Workers in the UK private sector face the worst rates of annuity in over 20 years, pension experts say.
Workers who are now approaching retirement will be the people who are affected by these poor rates, as the rates currently stand an individual who has accumulated a pension pot of £100,000 over their working life will now receive a yearly pension income of £6,350, whereas earlier in the year that figure was £6,760.
Back in 1990 the amount of money pension holders could expect from the same pot was £15,000.
This drop in annuity rates adds further weight to the argument that UK finances are going from bad to worse. Recently, interest rates were cut to staggering new lows by the Bank of England, and tax increases are expected come the Coalition Government’s Emergency Budget in June.

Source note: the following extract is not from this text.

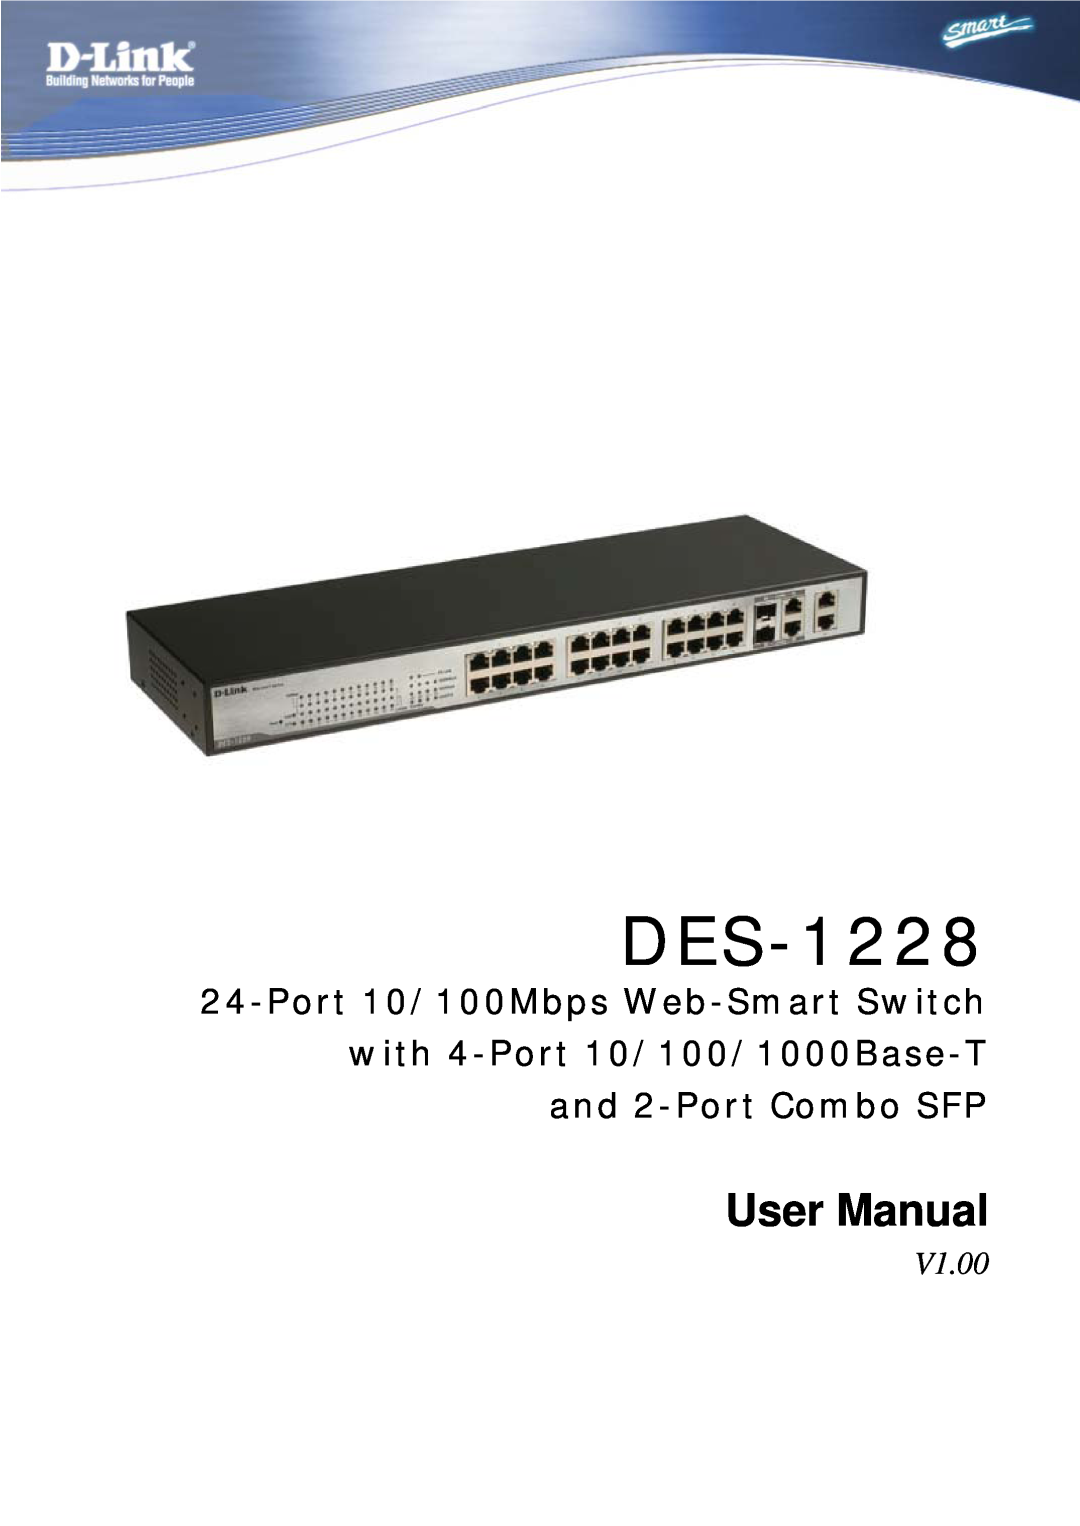 D-Link DES-1228 user manual V1.00, User Manual

Financial experts fear that we are entering a new dark age for personal finance. Finance adviser Tom McPhail of Hargreaves Lansdowne told The Telegraph: “Anyone approaching retirement now will watch these annuity rates with mounting alarm and despair”, and Ros Altman, former government official- now pensions expert, added: “They were always told to worry about saving enough through their working life, but no one ever warned them that a low annuity rate could wipe out that saving when they came around to retiring. And the problem is that annuity rates are likely to worsen”.
Up to eight million UK pension holders rely on annuity rates, the reason for the falling rates is linked to the general financial woe that is sweeping across Europe. Annuity rates are connected to the returns the Government receives on gilts and bonds, and with returns falling on those, so do the annuity rates.